Number of People Impacted
How often a system is used is the only measure that effect both how likely a problem is to occur and how severe the problem will be when it is realized. For the purposes of severity, it works similar to “Heavily Relied Upon” but instead of being subsystems impacted it is people impacted.
Deals with Sensitive Data
Any risk around sensitive data becomes significantly more severe once realized. The loss or escaping of this data can cause huge loss to the company.
Configurations
Configurations are tricky. They have effects that reach throughout the system that are not always obvious. They tend not to have control systems in place that record their changes. Lastly, they are almost always impossible to test. These things make risks in a systems configuration likely to have a high severity level when they are realized.
An Example of Use
If you give each measure a value from one to five, you can then apply this formula:
1
2
3
4
5
6
7
8
9
10
11
12
13
14
15
16
17
18
19
20
21
22
23
24
25
26
// Key Likelihood Variables
pastErrors = 'Has Caused Errors in the Past'
changeFrequency = 'Frequently Changed'
designProblems = 'Known Anti-Pattern or Violation of Best Practices'
useRegularity = 'Is used Often'
// Corollary Likelihood Variables
confusion = 'Confusion'
endSupport = 'End of Support'
riskDensity = 'Risk of Density'
testSparsity = 'Test Density and Validity'
corollaryLikelihood = (confusion + endSupport + riskDensity + testSparsity) / 4
// Key Severity Variables
connectedness = 'Heavily Relied Upon'
configurations = 'Configurations'
impact = 'Number of People Impacted'
dataSensitivity = 'Deals with Sensitive Data'
// Sub Calculations
likelihood = (pastErrors + changeFrequency + designProblems + useRegularity + corollaryLikelihood)

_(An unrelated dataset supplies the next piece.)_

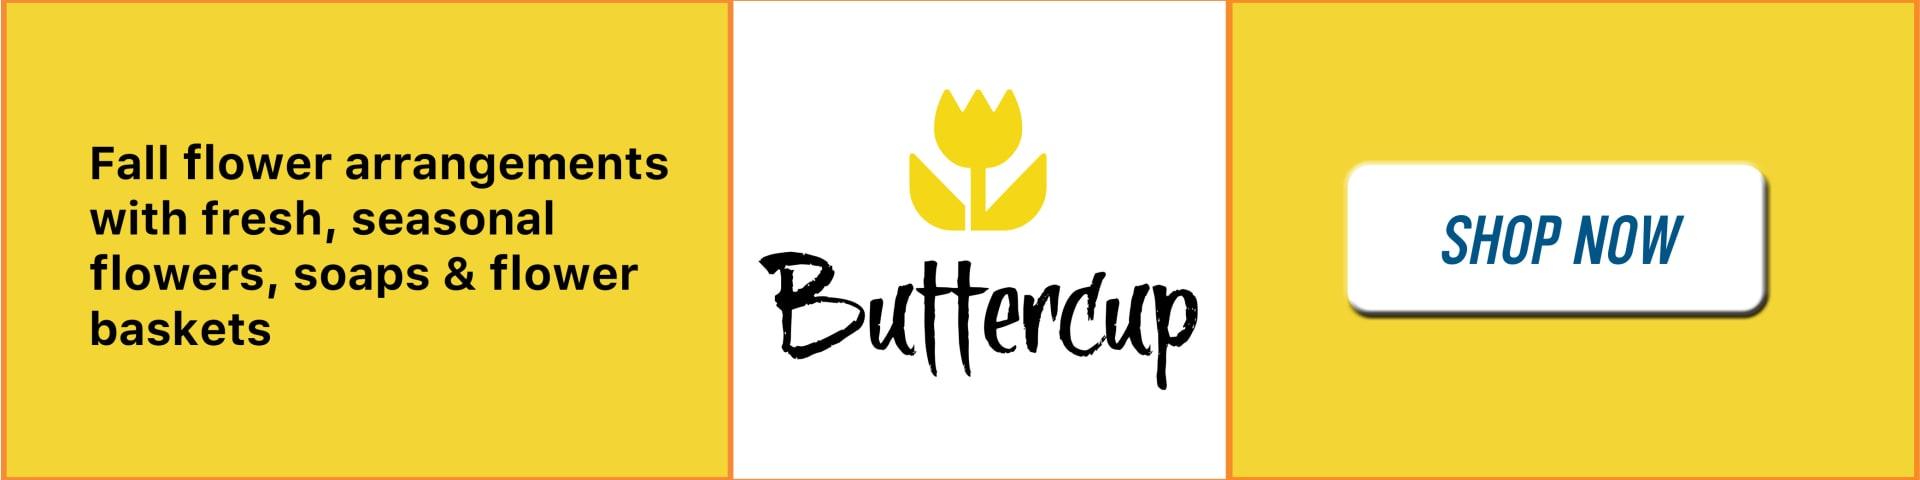 ButtercupBanner-w1920.jpg

severity = (connectedness + configurations + impact + dataSensitivity)
// Result
result = likelihood * severity
Now in this formula likelihood will have a value from 5 to 25, and severity will have a range of 5 to 20. This gives the result a range from 25 to 500. Though the numbers in this range are not evenly distributed. As such I have included the number of possible times that a number in the range can come up.

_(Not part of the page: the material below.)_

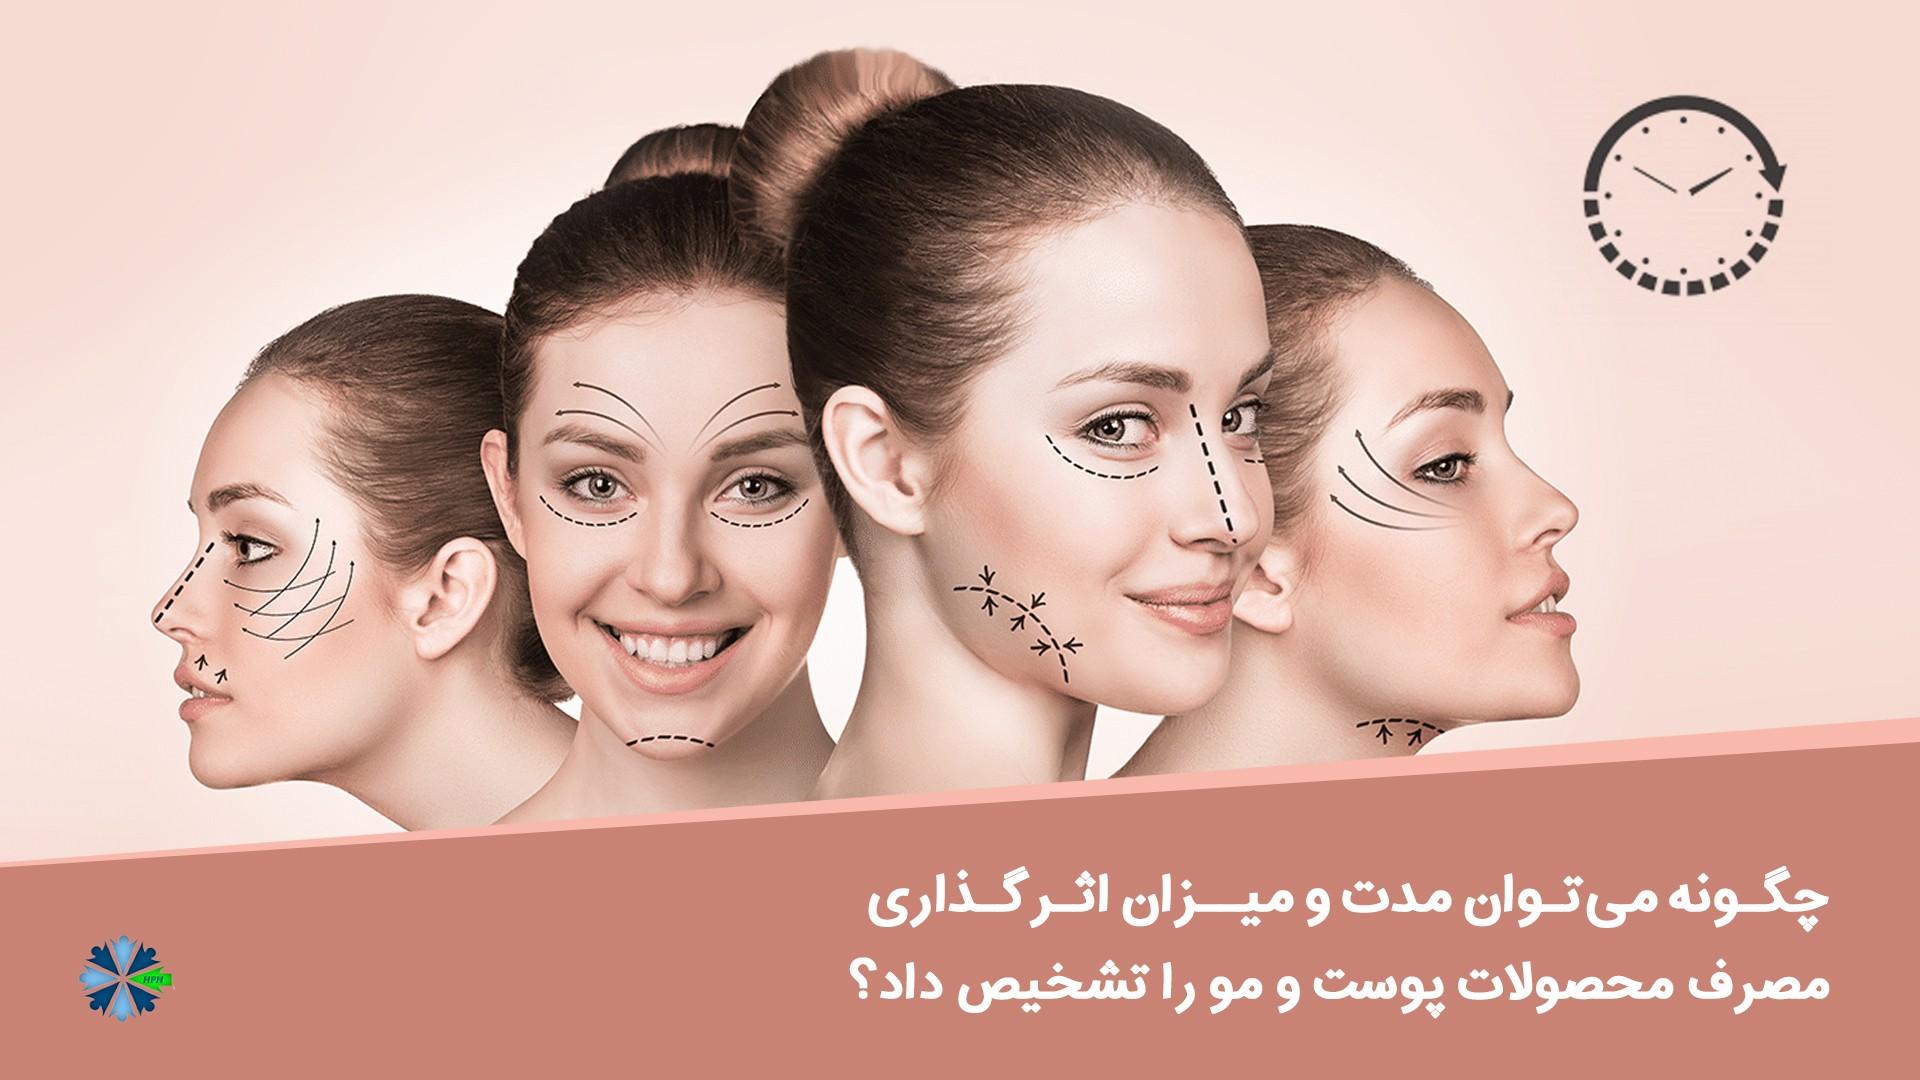 چگونگی تشخیص مدت و میزان تاثیر محصولات پوست و مو

| Risk Value | Risk Severity | Possible Outcomes |
|---|---|---|
| 25 - 74 | Trivial | 42 possible outcomes |
| 75 - 121 | Low | 73 possible outcomes |
| 122 - 219 | Medium | 106 possible outcomes |
| 220 - 324 | High | 73 possible outcomes |
| 325 - 500 | Critical | 42 possible outcomes |
Any risk that is rated as High or Critical is something that needs to be addressed immediately. If you are looking at incurring this risk in the future, the cost associated to this risk might not be worth it.
Any risk that is rated as Medium or Low is something that can be slightly delayed and prioritized with and against normal work. This is not something that should be delayed indefinitely and requires a plan of action that describes when it will be addressed, or at the very least when it will be evaluated again. Just remember before making the decision to put off quality that will incur these risks that you include a plan for addressing them.

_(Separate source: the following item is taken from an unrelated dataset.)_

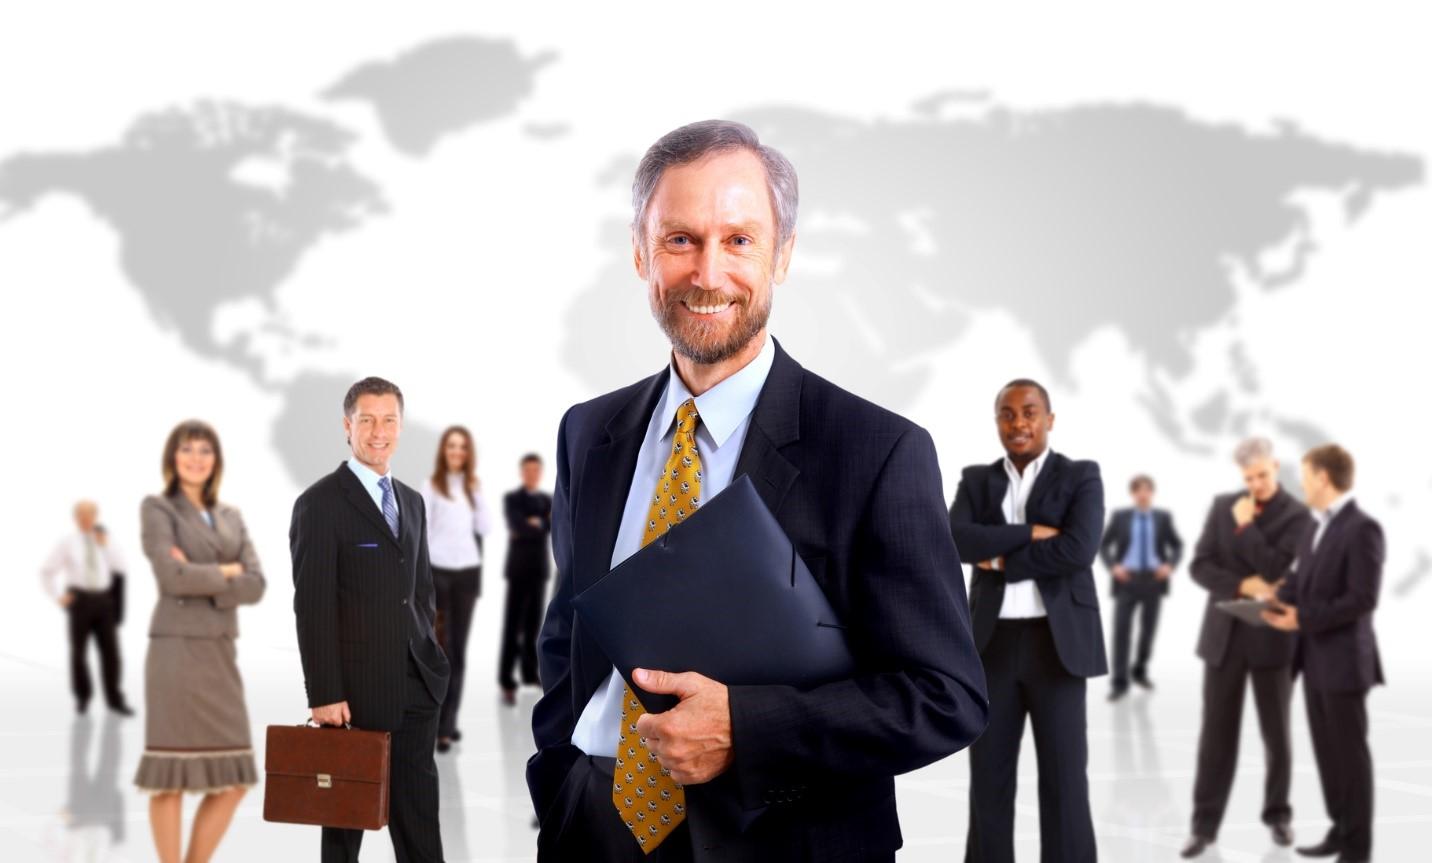 جلب مشارکت چند نفر از تصمیم گیرندگان یک شرکت

Any risk that is rated as Trivial is as close to a safe bet as you can get and may not be worth addressing.
Summary
Stop talking about “Technical Debt” in generic terms. Measure and evaluate the risk associated with the IT solution. You don’t have to use the framework laid out in this article but use something. And then apply that framework to making decisions about tradeoffs between time to market and system design.
If you decide to use the framework given here, there is still work to do. You need to decide what qualifies each measure to have a value of one, five and each number between. I cannot decide that for you, as I don’t have your context.
It is also possible the measures I have laid out in this article are incomplete, or even don’t match what you need. If that is so, find others. Remember this framework I created here is configurable and adjustable to fit your needs. Adjust it to make it fit your organization.
My call to action for you is to decide on something to measure the potential risk associated to your IT infrastructure parts. Then weigh those risks against potential gains as we develop new solutions. Make meaningful decisions as to when you tackle risk or invest in new opportunities.